A team of UCLA researchers has received a $2-million, four-year grant from the National Science Foundation (NSF) Office of Frontiers in Research and Innovation to explore new approaches to assembling nanoscale materials for use in a variety of manufacturing and research applications.
Known as two-dimensional layered materials, or 2DLMs, this emerging class of materials shows breakthrough potential in fundamental materials science and technologies, including electronics, optoelectronics, bioelectronics, energy conversion and energy storage.
“Two-dimensional layered materials have great promise to open up new technologies that take advantage of their ultra-thin properties,” said Yu Huang, the project principal investigator and an associate professor of materials science and engineering at the UCLA Henry Sameuli School of Engineering and Applied Science. “We are looking to understand their fundamental electronic, chemical and physical properties and explore manufacturing processes that are low-cost and simple for industry to adopt.”
Co-principal investigators on the research include Kang L. Wang. UCLA’s Raytheon Professor of Electrical Engineering; Xiangfeng Duan, UCLA’s Howard Reiss Career Development Chair in Chemistry & Biochemistry; and James De Yoreo, chief scientist for Materials Synthesis and Simulation Across Scales at Pacific Northwest National Laboratory and an affiliate professor of materials science and engineering at the University of Washington.
The best known 2DLM is graphene, a sheet of carbon just one atom thick. The UCLA group will concentrate on 2DLMs comprised of well-defined crystalline structures such as transition metal dichalcogenides. They will explore the scalable production of these versatile 2DLMs using methods that are relatively simple and inexpensive.

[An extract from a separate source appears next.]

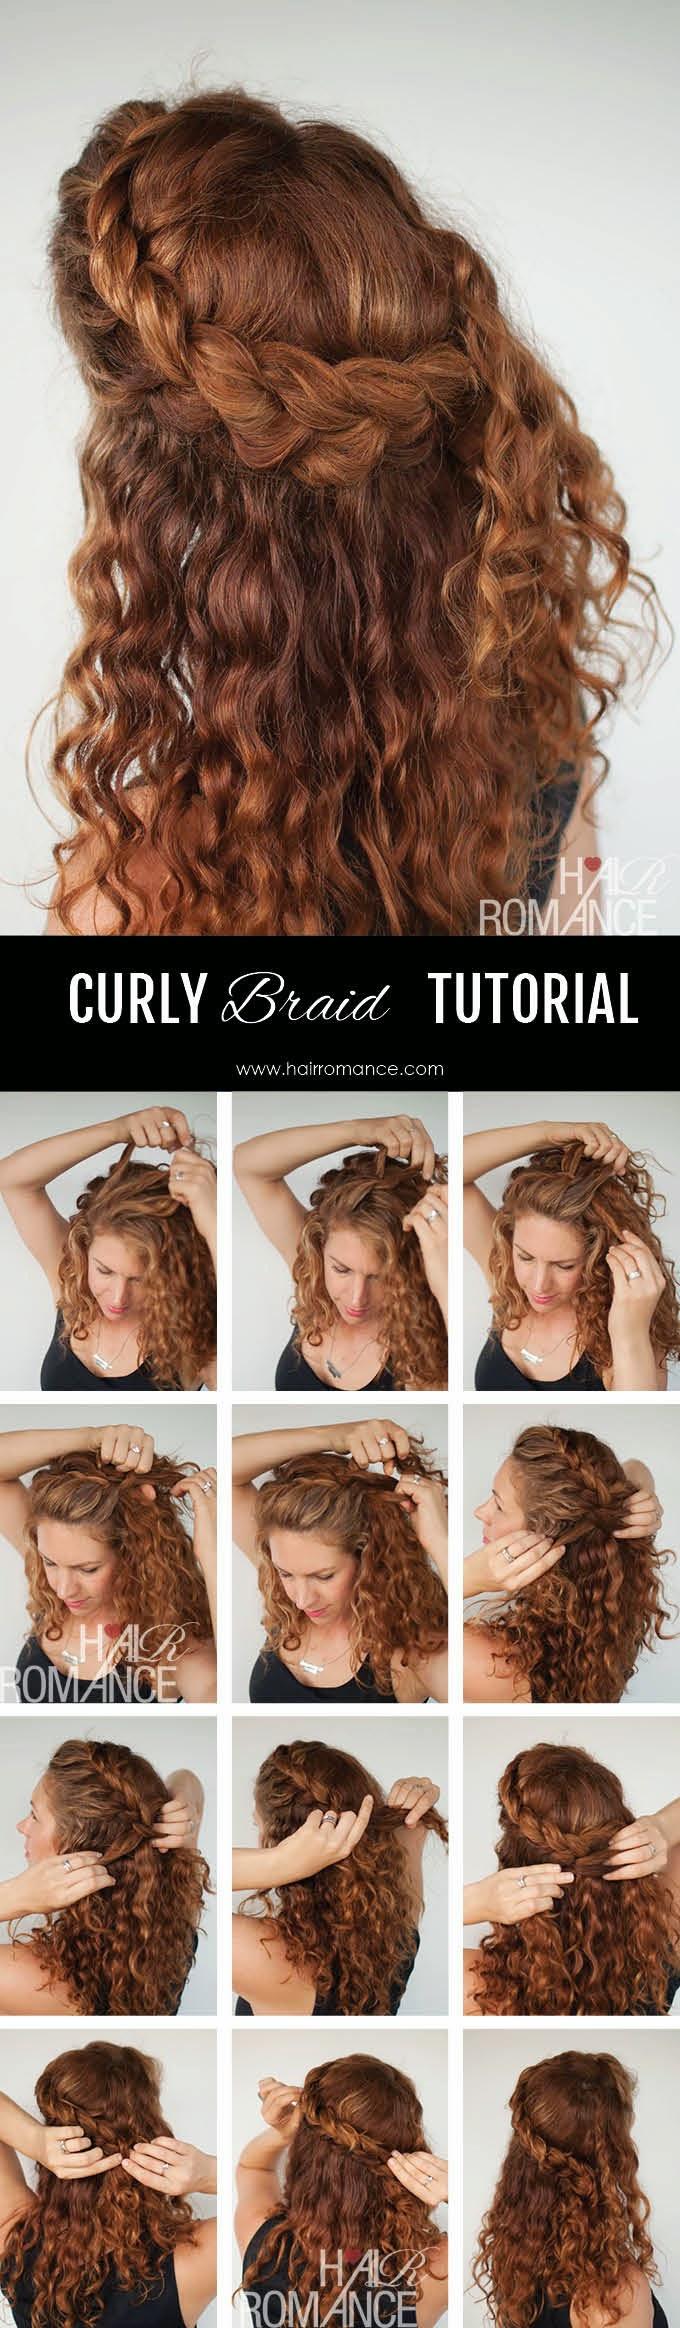 Astounding The Half Up Braid Hairstyle Tutorial Curly Hair Tutorial Short Hairstyles Gunalazisus

Specifically, the team will research an approach for assembling electronics-grade, continuous films of two-dimensional layered materials from nano-scale plates suspended in liquids. This potentially low-cost method could allow for excellent control of chemical composition, structure and dimensions, and therefore could be individualized to specific applications. A range of 2DLMs could enable transformative advances across a wide range of traditional and emerging technologies.